Since Dr. Kenneth Cooper published his first Aerobics book in 1968, there has been a major emphasis on physical fitness in the United States. We have experienced the running revolution of the 1970s, the aerobic dance movement of the 1980s, and the strength training interest of the 1990s. Today, most people are aware that exercise is good for their health, and is in fact an effective means of preventive medicine.
It is therefore hard to understand why so few people regularly participate in an exercise program. According to the United States Public Health Service Centers For Disease Control (1989), less than 10 percent of all Americans perform enough physical activity to attain any measurable fitness benefits. Most of those who do exercise consistently are walkers and joggers, leaving less than five percent of the general public who do strength training.
Strength Training Misconceptions
Some of those who avoid strength exercise do so because they have heard that it may increase their blood pressure. Fortunately, this is not true. Although every adult should have physician approval before starting a strength program, research reveals that properly-performed strength exercise is similar to aerobic activity in terms of blood pressure response (Westcott 1983, 1985, 1987). That is, systolic pressure increases about 35 to 50 percent during exercise and returns quickly to resting levels after the activity session. More important, studies show that several weeks of strength training result in significant reductions in resting blood pressure (Holly and Harris 1987; Westcott, 1995a). For example, 785 men and women who participated in a two-month program of strength and endurance exercise experienced an average 4 mm Hg decrease in systolic blood pressure and 3 mm Hg decrease in diastolic blood pressure (Westcott 1996). Sensible strength training, alone or in combination with endurance exercise, has beneficial effects on resting blood pressure.

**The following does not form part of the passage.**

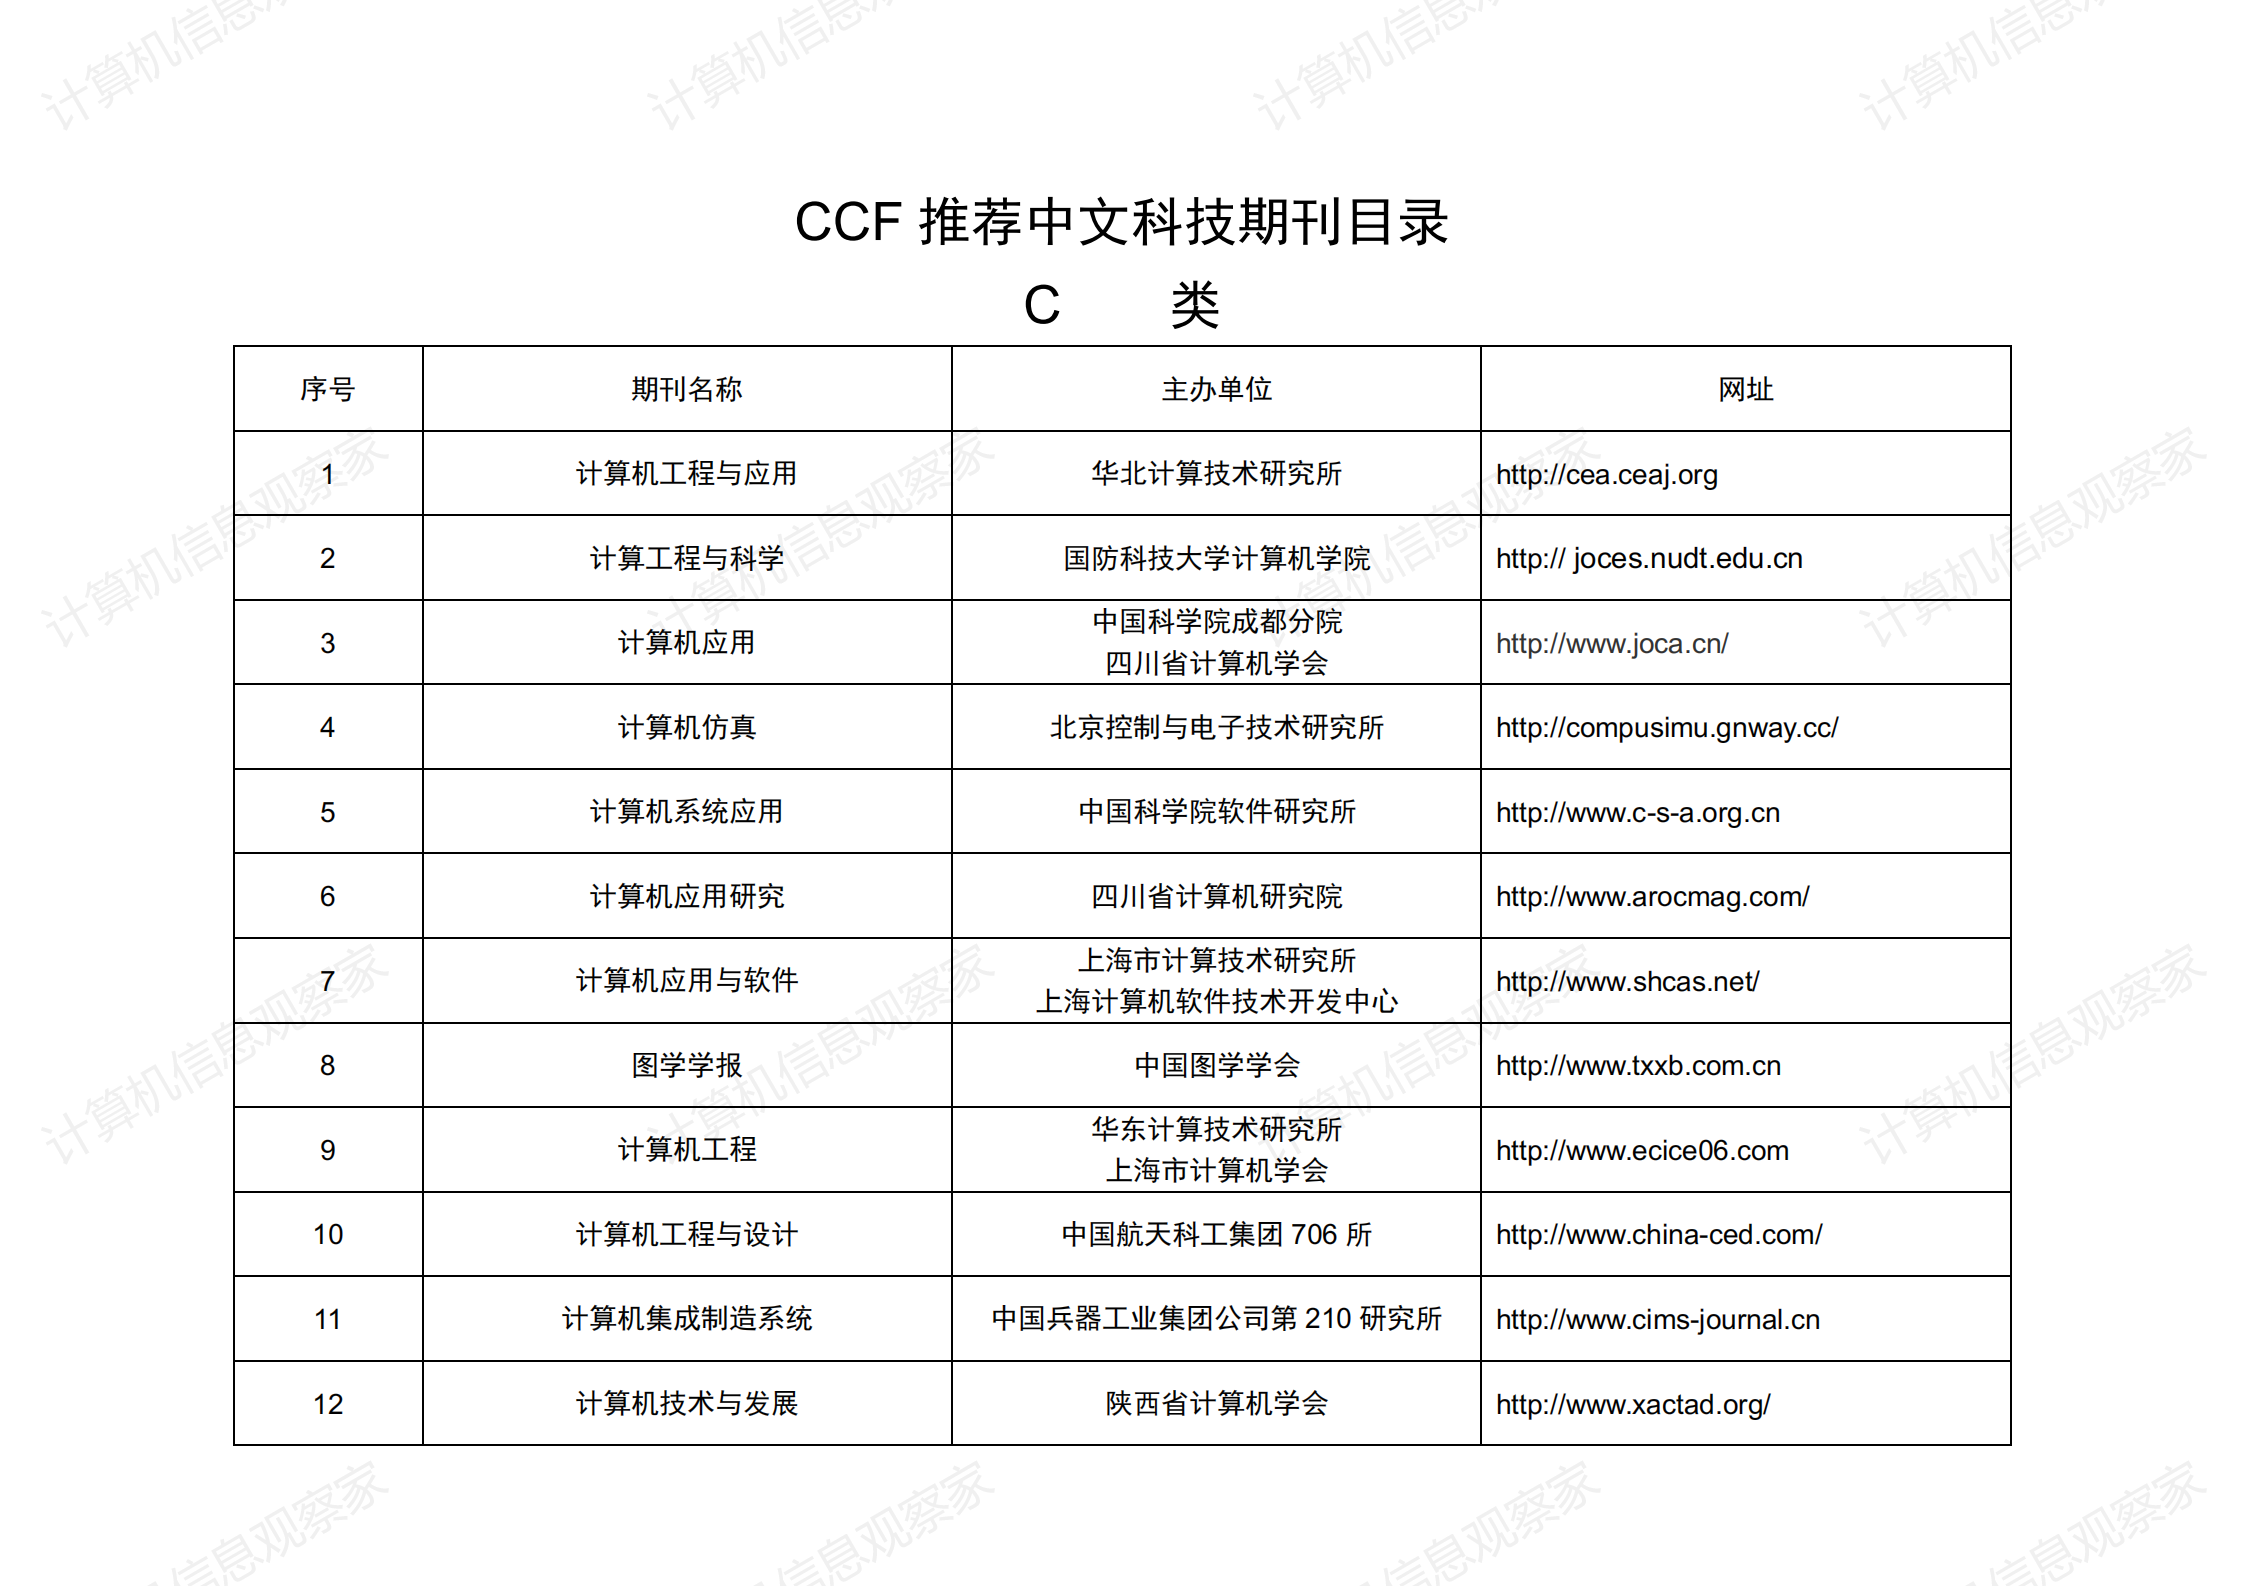 中国计算机学会推荐中文科技期刊目录_03.png

Another reason many adults avoid strength exercise is the fear of increasing their bodyweight. They mistakenly believe that weight training is synonymous with weight gain. It is true that strength training adds muscle, but this is actually the best way to lose fat. In fact, strength exercise has a threefold impact on fat reduction. First, it increases calorie utilization during each training session. Second, it increases calorie use for several hours following exercise due to the afterburn effect (Melly 1993). Third, it increases calorie utilization all day long by adding new muscle tissue. This is because every pound of new muscle uses about 35 calories each day just for tissue maintenance (Campbell 1994).
A study of 1,132 adults revealed excellent body composition improvements after two months of strength and endurance exercise (Westcott 1996). As shown in Table 1, the men gained 3.7 pounds of muscle and lost 6.4 pounds of fat, and the women gained 1.7 pounds of muscle and lost 3.4 pounds of fat. Strength training, alone or in combination with endurance exercise, has beneficial effects on body composition.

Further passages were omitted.